Transcribe only the lines of the listing below from the one holding "Pre-Loved Amanda Wakeley" through the one holding "A bottle 2020", inclusive, without any change.

*** Data for processing ***

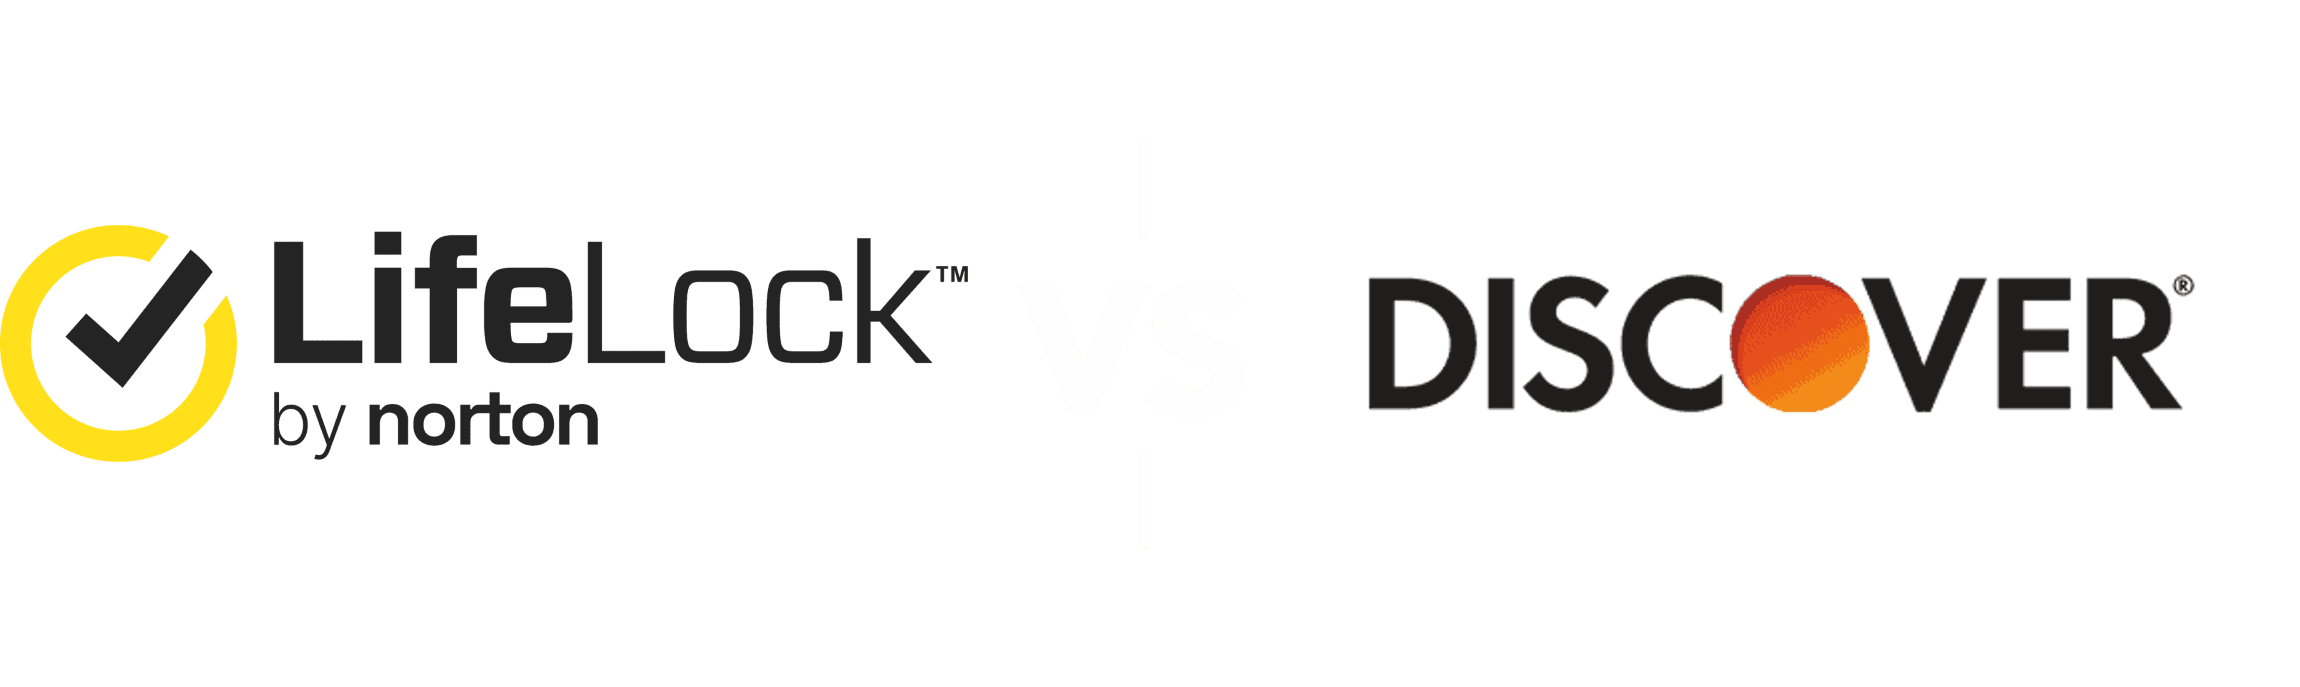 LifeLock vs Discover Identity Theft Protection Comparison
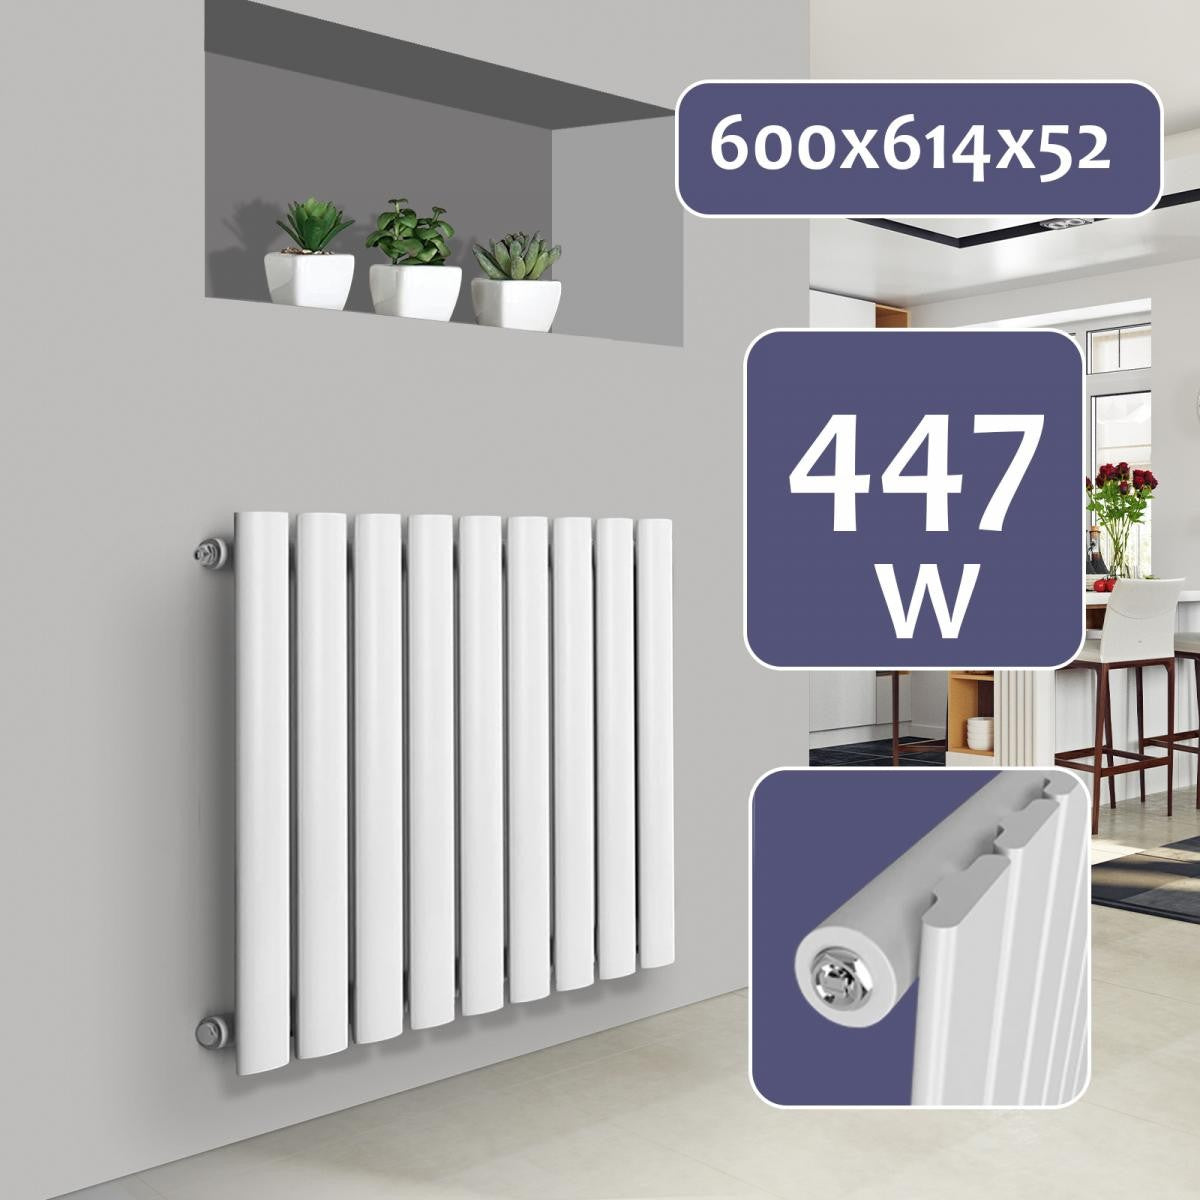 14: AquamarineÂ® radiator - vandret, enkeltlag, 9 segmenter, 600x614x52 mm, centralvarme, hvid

*** End of Data for processing ***
*** Data for processing ***

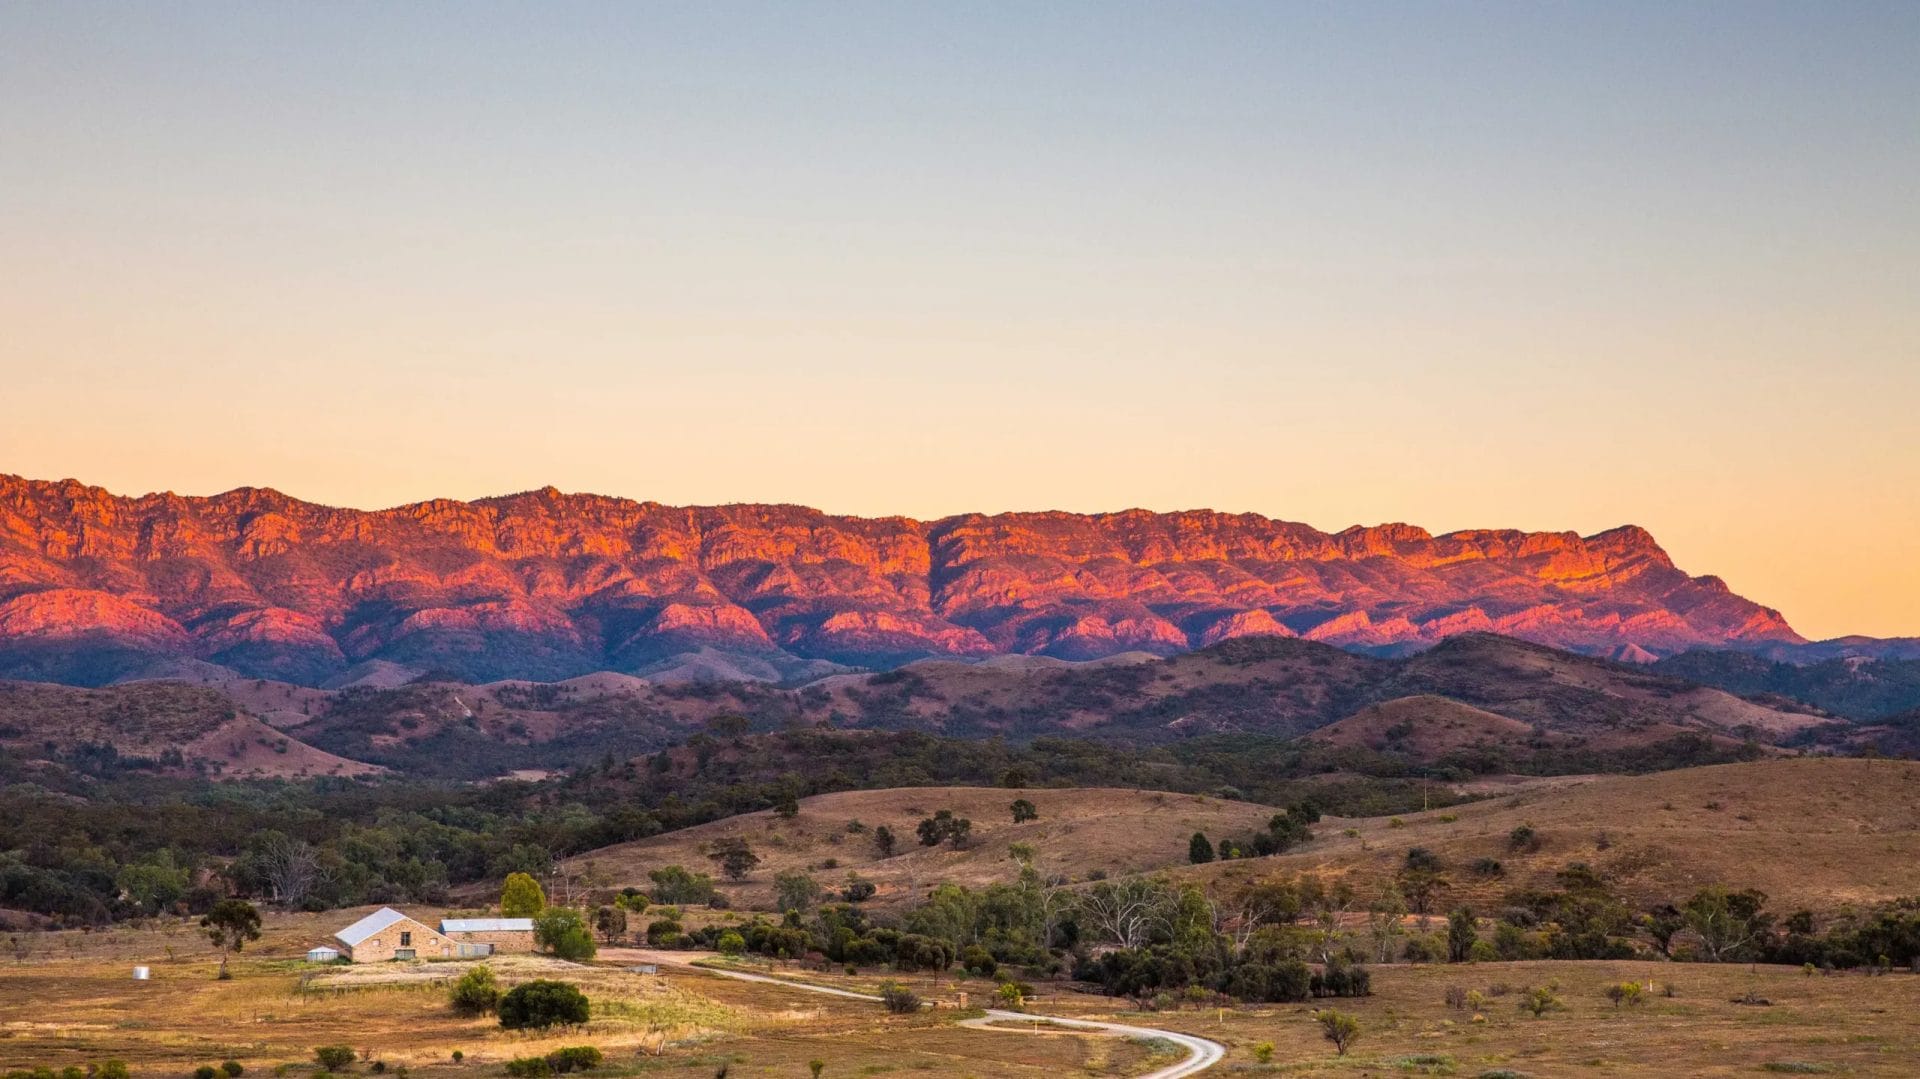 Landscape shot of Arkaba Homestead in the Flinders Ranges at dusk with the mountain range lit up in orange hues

*** End of Data for processing ***
*** Data for processing ***

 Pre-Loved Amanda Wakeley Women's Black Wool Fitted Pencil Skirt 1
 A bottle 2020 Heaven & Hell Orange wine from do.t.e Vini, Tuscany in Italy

*** End of Data for processing ***

### Output
 Pre-Loved Amanda Wakeley Women's Black Wool Fitted Pencil Skirt 1
 A bottle 2020 Heaven & Hell Orange wine from do.t.e Vini, Tuscany in Italy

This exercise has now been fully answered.